Blind Source Separation of recorded speech and music signals.

We present methods to separate blindly mixed signals recorded in a room. The learning algorithm is based on the information maximization in a single layer neural network. We focus on the implementation of the learning algorithm and on issues that arise when separating speakers in room recordings. We used an infomax approach in a feedforward neural network implemented in the frequency domain using the polynomial filter matrix algebra technique. Fast convergence speed was achieved by using a time-delayed decorrelation method as a preprocessing step. Under minimum-phase mixing conditions this preprocessing step was sufficient for the separation of signals. These methods successfully separated a recorded voice with music in the background (cocktail party problem).


Blind Source Separation: Audio Examples

The audio-files have been updated with the new proposed algorithm combining TDD - algorithm and ICA (see ICASSP'98 paper).

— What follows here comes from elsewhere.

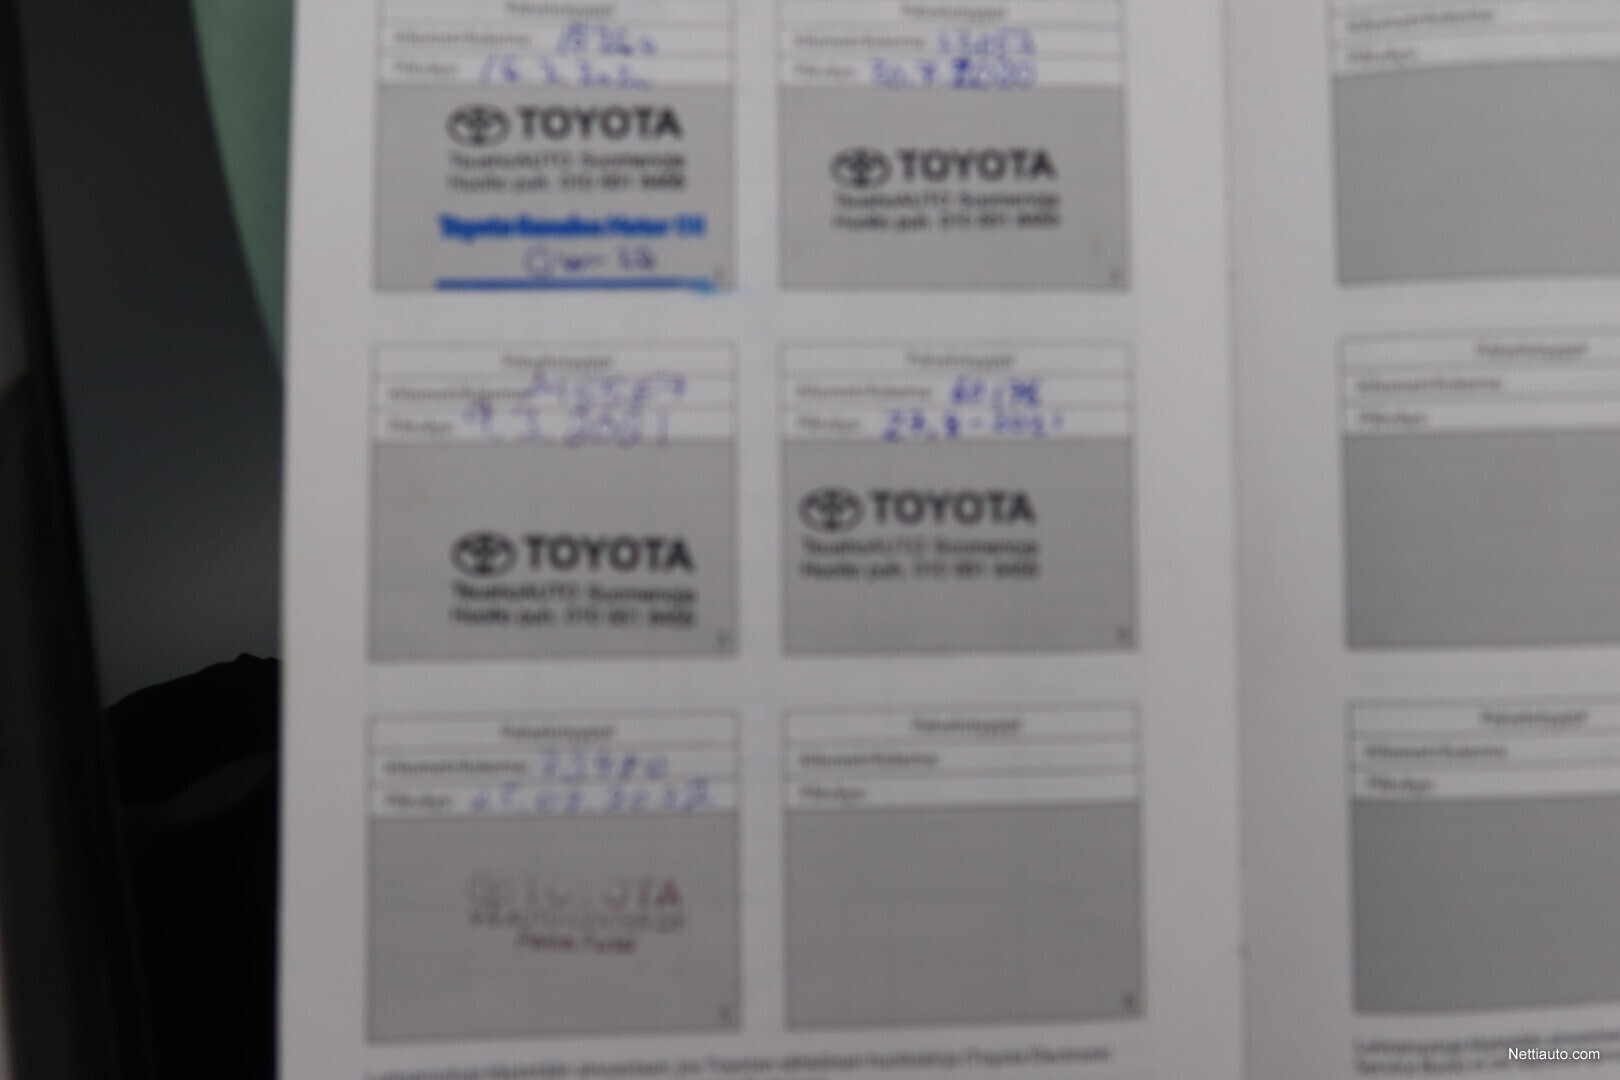 Toyota Corolla Sedan 1,8 Hybrid Active Edition / Plus-paketti / Bi-LED /  Kamera / Älykäs mukautuva vakionopeussäädin / Navi / Älyavain Sedan 2019 -  Used vehicle - Nettiauto

1. Speech - Music Separation

A speaker has been recorded with two distance talking microphones (sampling rate 16kHz) in a normal office room with loud music in the background. The distance between the speaker, cassette player and the microphones is about 60cm in a square ordering. (All files are in 16kHz wav-format).

2. Speech - Speech Separation


A real Cocktail Party Effect . Two Speakers have been recorded speaking simultaneously. Speaker 1 says the digits from one to ten in English and speaker 2 counts at at the same time the digits in Spanish (uno dos ... ) The recording has been done in a normal office room. The distance between the speakers and the microphones is about 60cm in a square ordering (sampling rate 16kHz). (All files are in 16kHz wav-format).


3. Speech - Speech Separation in difficult environments


A real Cocktail Party Effect II . Two Speakers have been recorded speaking simultaneously. This time the recording was in a conference room ( 5.5m by 8m ). The conference room had some air-conditioning noise. Both speakers are reading a section from the newspaper for 16sec. The mics were placed 120 cm away from the speakers. (sampling rate 16kHz). (All files are in 16kHz wav-format). The unmixing filters need to be sufficiently long. We used a filter size of 2048 taps for each filter.